7. Design Architecture for web application contains 3 tiers: Frontend, Backend, and Database?

8. How you can cost optimize your infrastructure? obtaining the best pricing and terms for IT purchases, standardizing, simplifying, and rationalizing assets such as platforms and applications, as well as processes and services, automating and digitalizing both the IT and business operations. Monitor billing · Reduce manual processes

   On AWS :

   • stop guessing capacity (use Autoscaling Group).
   • Choose the right pricing models.
   • Use Reserved Instances (RI) to reduce RDS, Redshift, ElastiCache, and Elasticsearch costs.
   • Match Capacity with Demand.
   • Identify Amazon EC2 instances with low utilization and reduce cost by stopping or rightsizing.
   • Implement processes to identify resource waste.

9. What are the types of Database engines on AWS?

   • Amazon RDS is available on several database instance types - optimized for memory, performance, or I/O – and provides you with six familiar database engines to choose from, including: Amazon Aurora, PostgreSQL, MySQL, MariaDB, Oracle Database, and SQL Server.
   • Ledger: Amazon Quantum Ledger Database (Amazon QLDB)
   • Document: Amazon DocumentDB (with MongoDB compatibility)
   • No SQL: DynamoDB
   • In-memory: Amazon ElastiCache
   • Graph: Amazon Neptune

10. What’s the difference between AWS Shield vs AWS WAF vs AWS Guard-Duty?

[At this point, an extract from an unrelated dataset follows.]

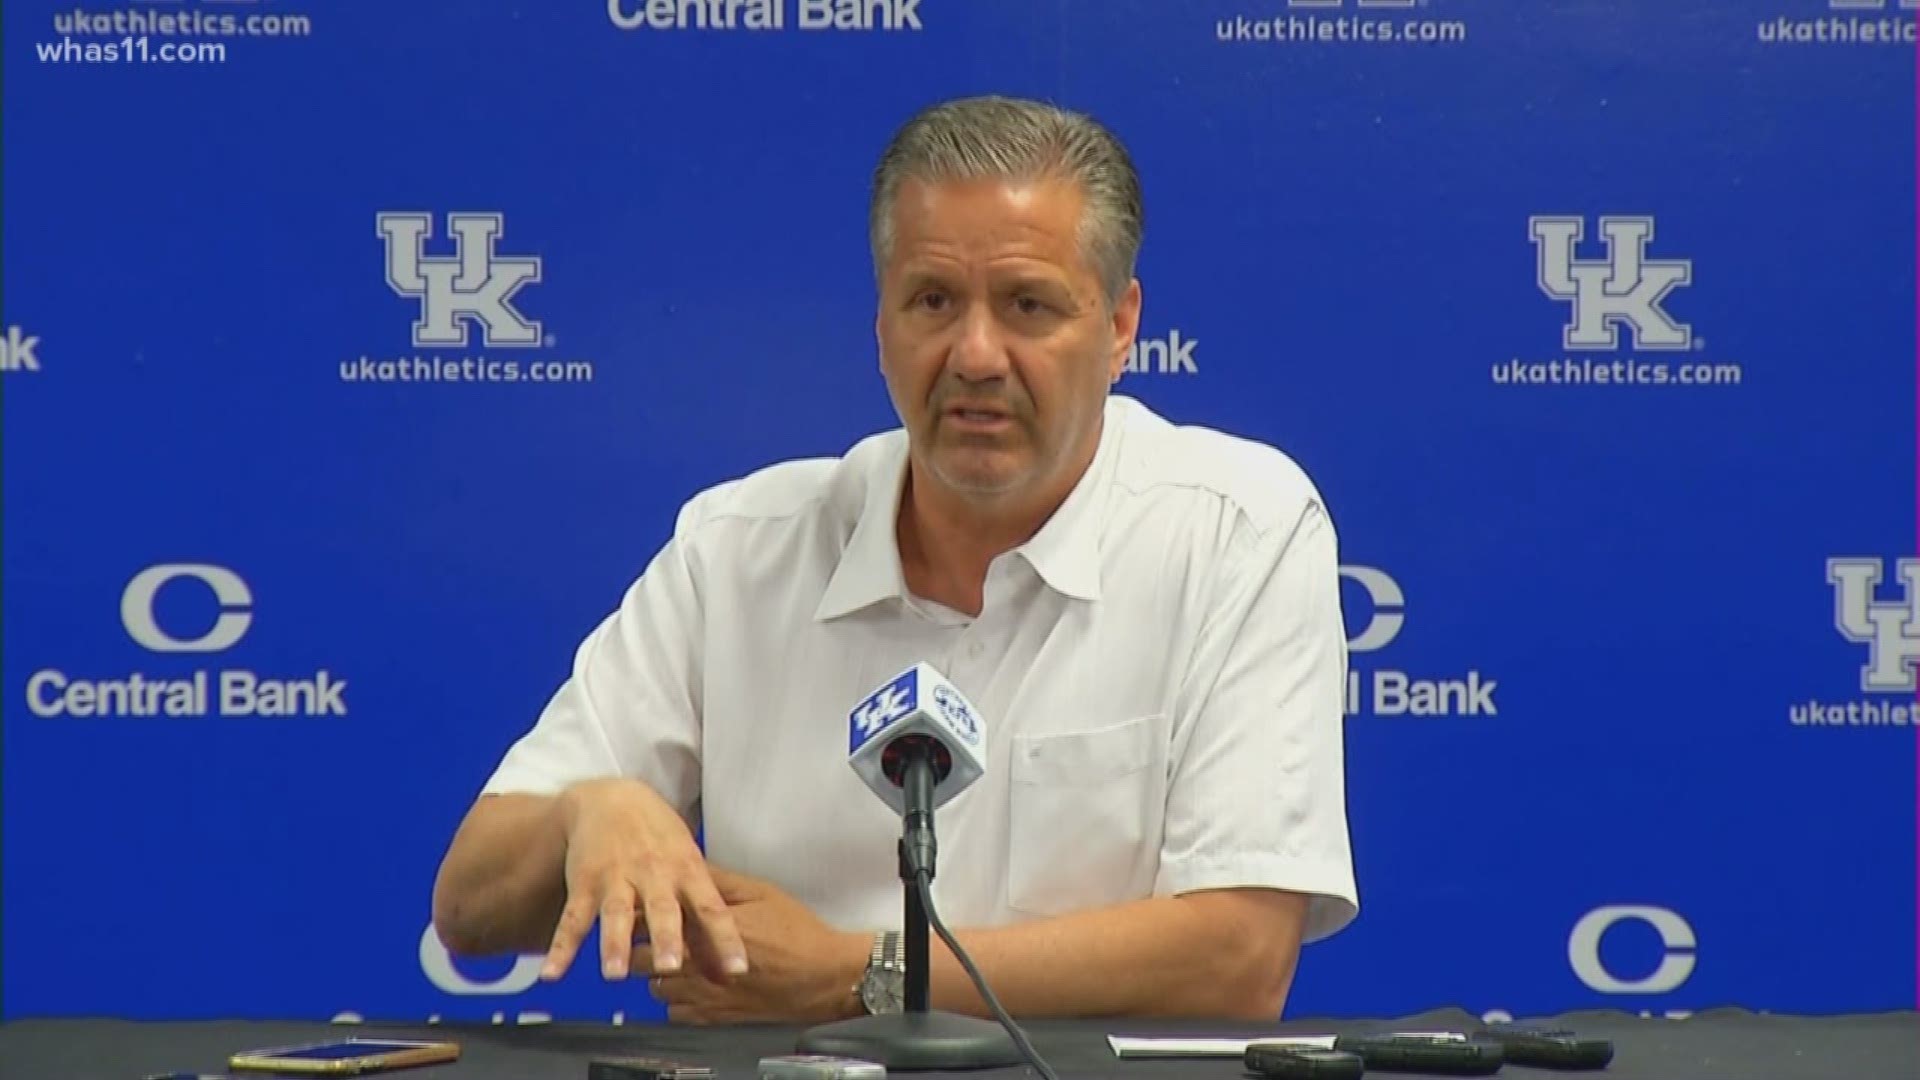 Coach Cal says he wants to retire from Kentucky and discusses his "lifetime contract" with the university.

    Shield is DDoS protection and is also located "at the edge".

    AWS WAF focuses on Layer 7 protection(Application Layer) Your subscription to Shield Advanced covers the basic AWS WAF fees for web ACLs, rules, and web requests.

    GuardDuty is intelligent threat detection. That means without much configuration, it reads your CloudTrail, Config, and VPC FlowLogs and notifies you if something unexpected happened.

    Amazon Inspector is more for applications. It's an automated security assessment service that helps improve the security and compliance of applications.

11. What’s the difference between S3 vs EBS vs EFS? S3: Object Storage EBS: File System Storage (Connected to one EC2) scalable network file storage EFS: scalable network file storage (Can be connected to many EC2)

12. Is it possible to host an application on S3? Only one can host a static website on Amazon S3. by configuring your bucket for website hosting and then uploading your content to the bucket.

13. What’s SSM ? Amazon EC2 Simple Systems Manager (SSM) is a tool that allows an IT professional to automatically configure virtual servers in a cloud or in an on-premises data center. Need to install an agent.

14. What is the difference between Latency Based Routing and Geo DNS in Route53? Amazon maps out typical latency between IP addresses and AWS regions.

    • Choose Latency-based Routing to have the fastest response.
    • Geolocation maps the IP addresses to geographic locations. This permits rules like "send all users from Côte d'Ivoire to the website in France", so they see a language-specific version.

15. What is RTO and RPO in AWS? RTO (Recovery Time Objective): is a measure of how quickly can your application recover after an outage RPO (Recovery Point Objective): is a measure of the maximum amount of data loss that your application can tolerate.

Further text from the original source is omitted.